◆ THE PROBLEM: Pictures excluded, set down exactly the lines from the one containing "Lanvin Loafers In" through the final line of the material, and only those.

PROVIDED DATA below:

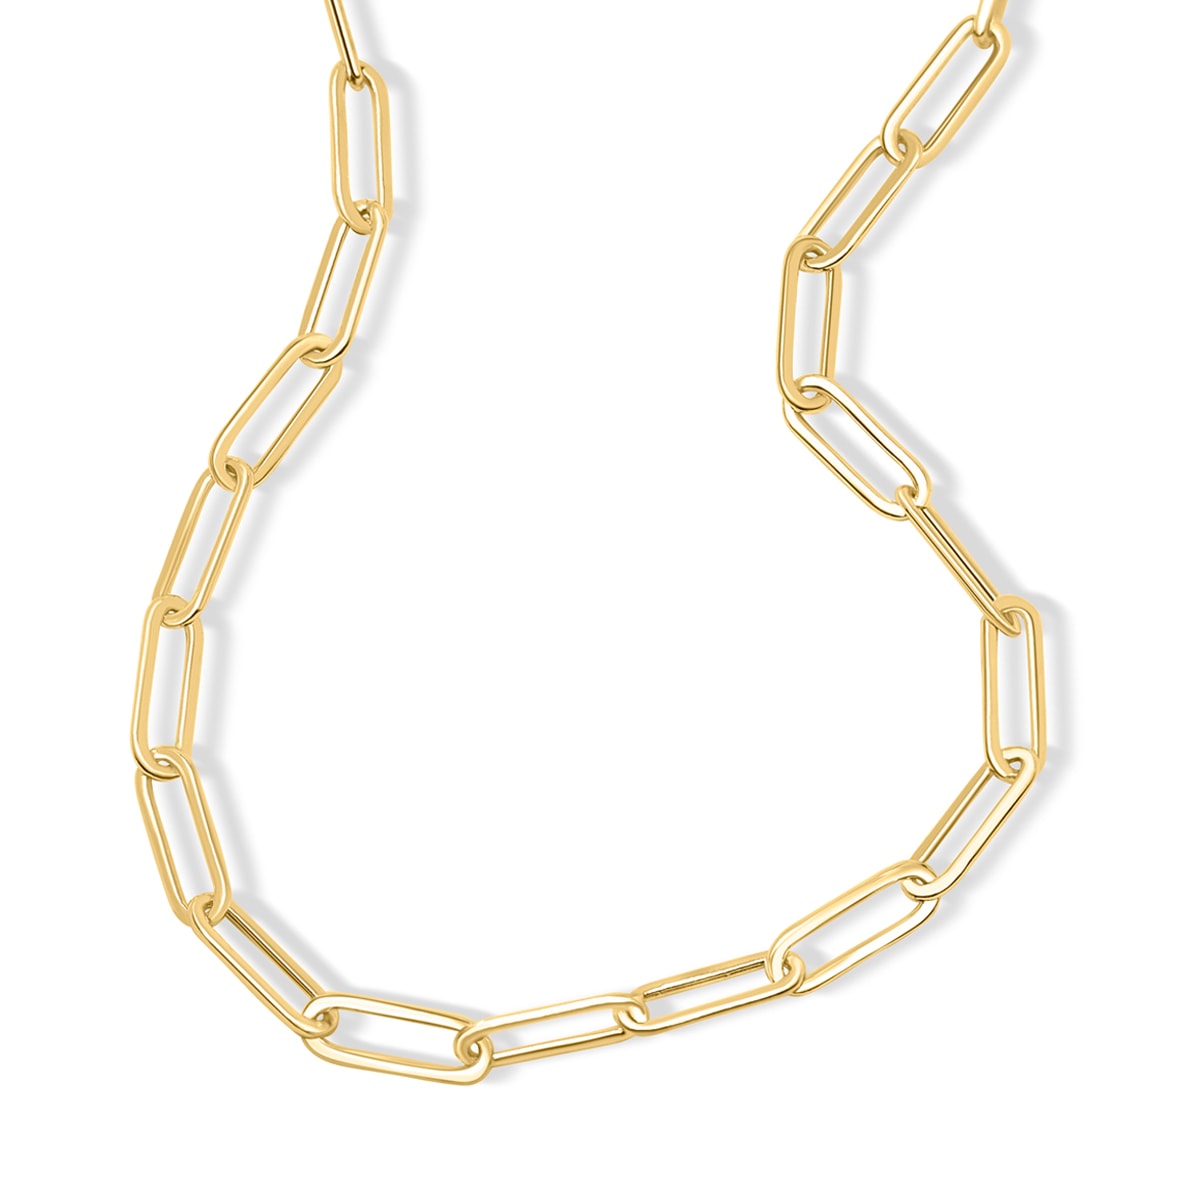 Unique paperclip chain link necklace
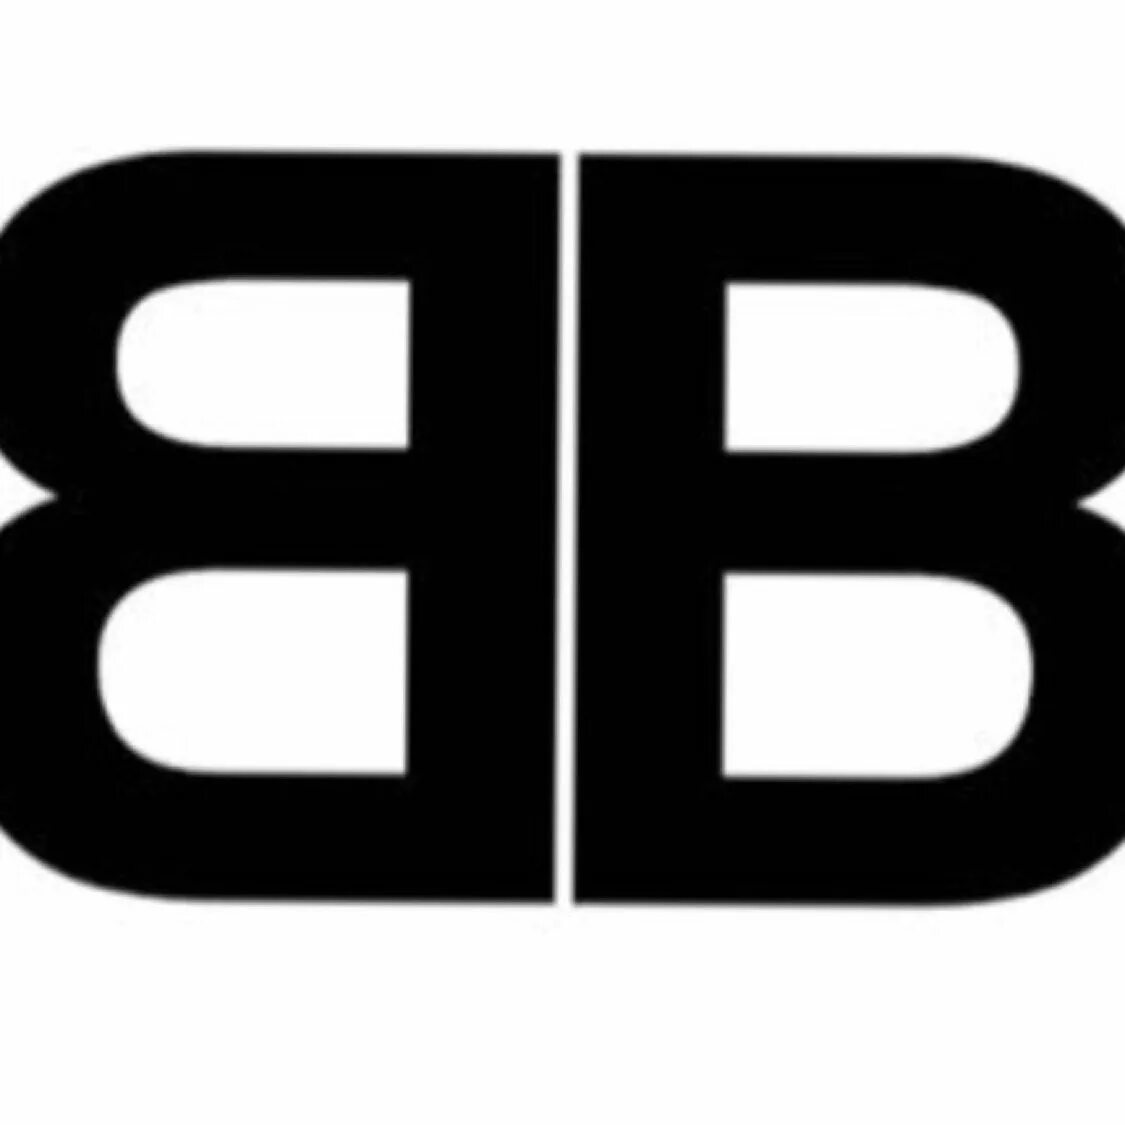 Марка одежды ВВ. Фирма BB. BB лого. Бренд с буквами BB. Бб б б бю б
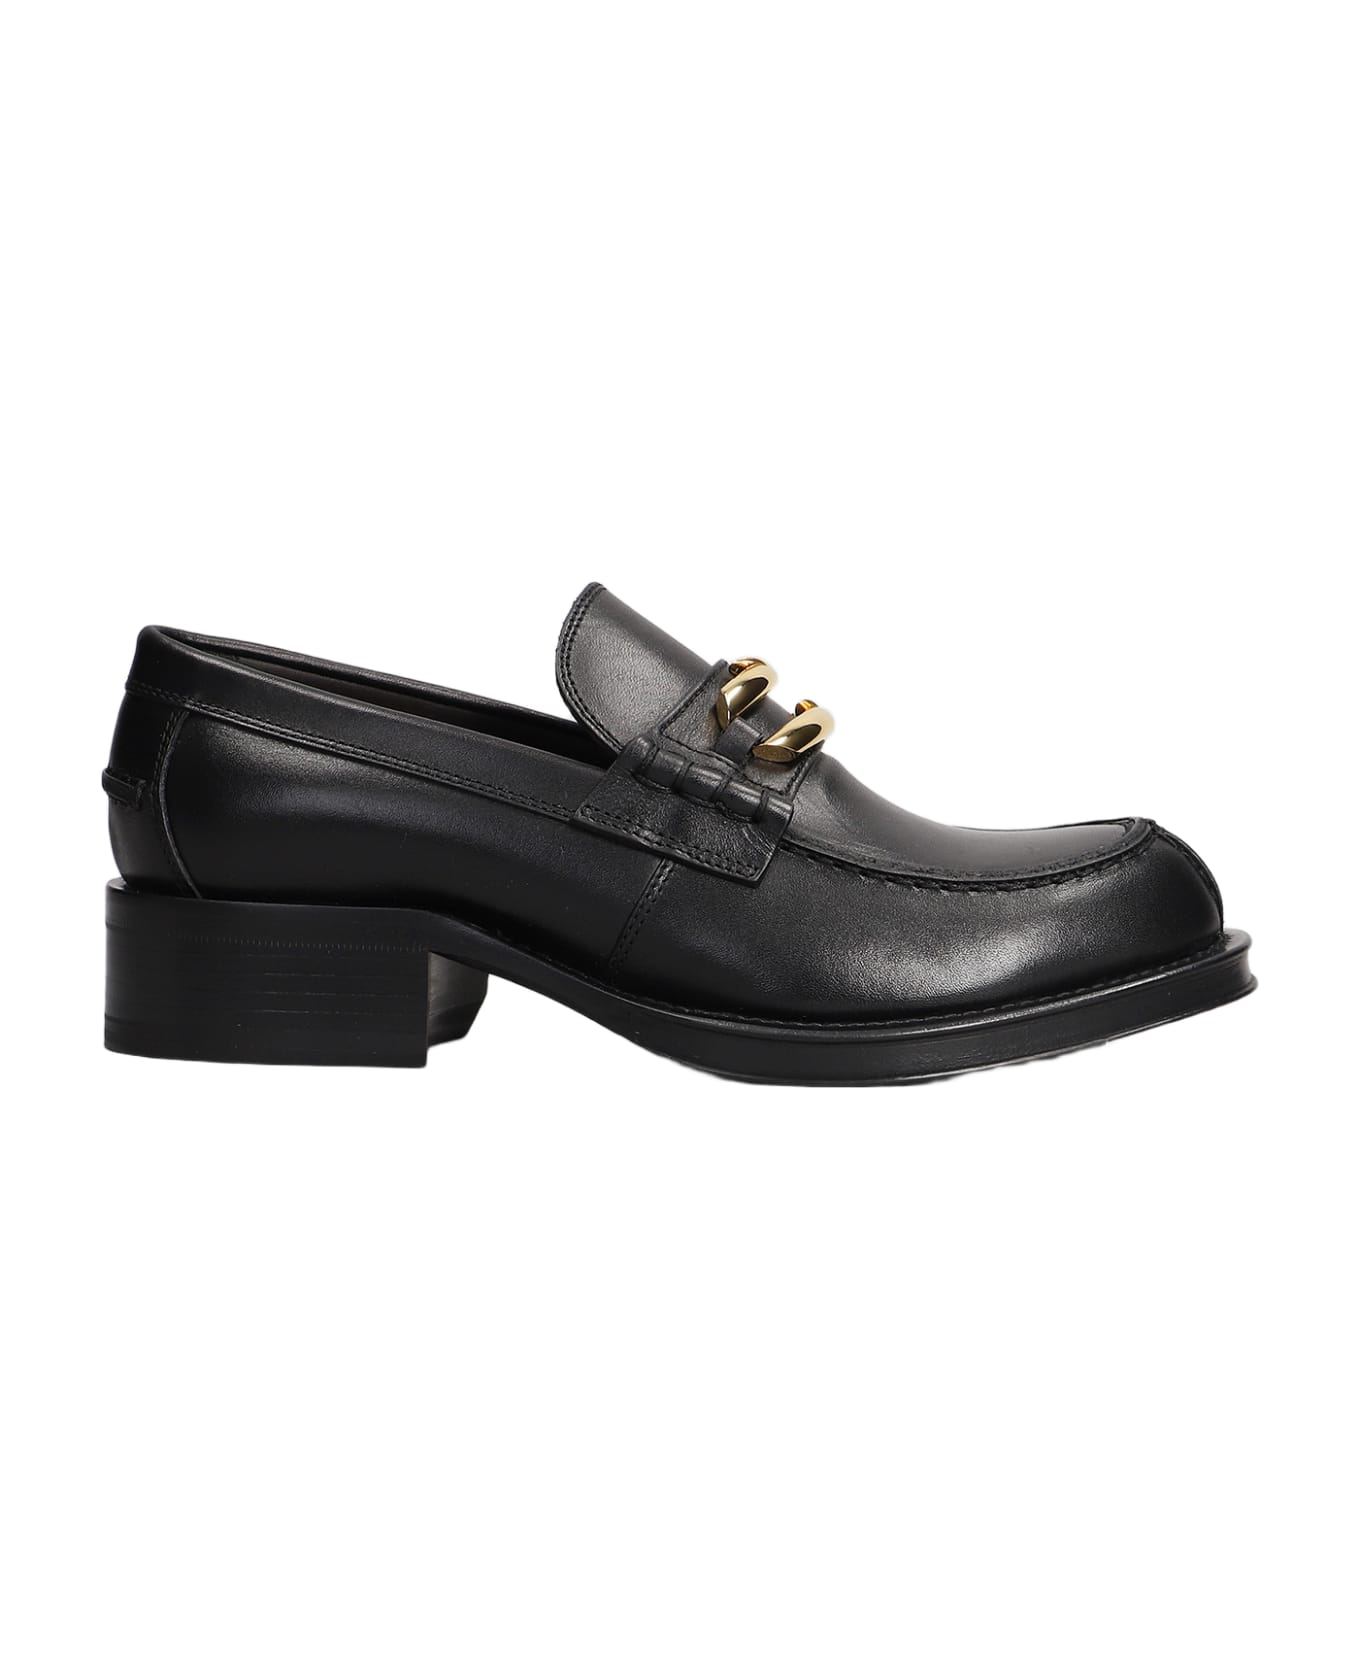 Lanvin Loafers In Black Leather - Black フラットシューズ
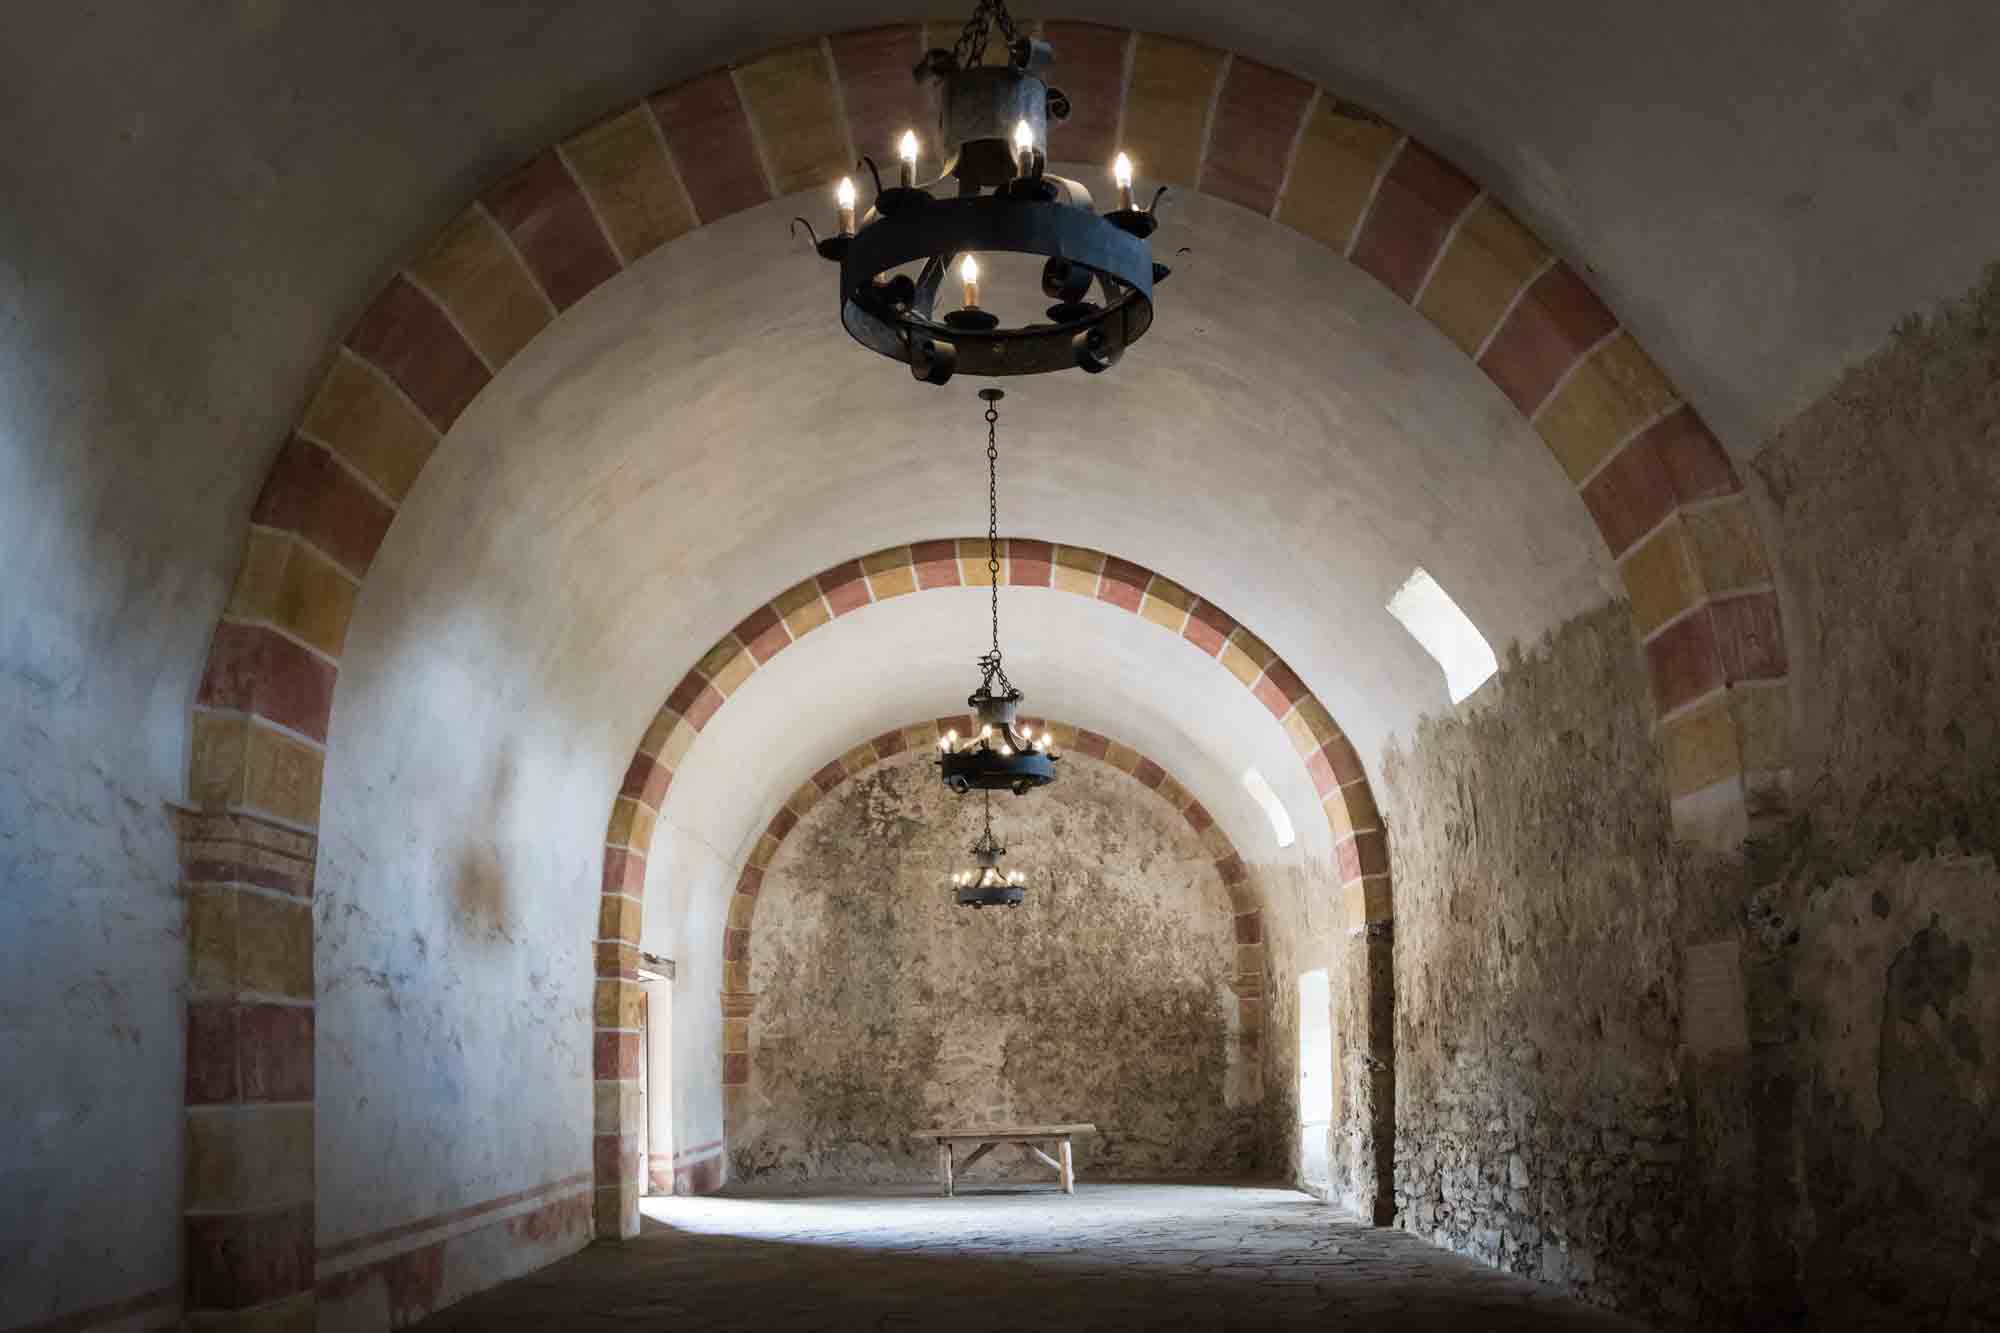 Vault ceiling room in Mission San Juan in San Antonio

End of PROVIDED DATA.

◆ SOLUTION TO THE PROBLEM:
 Lanvin Loafers In Black Leather - Black フラットシューズ
 Vault ceiling room in Mission San Juan in San Antonio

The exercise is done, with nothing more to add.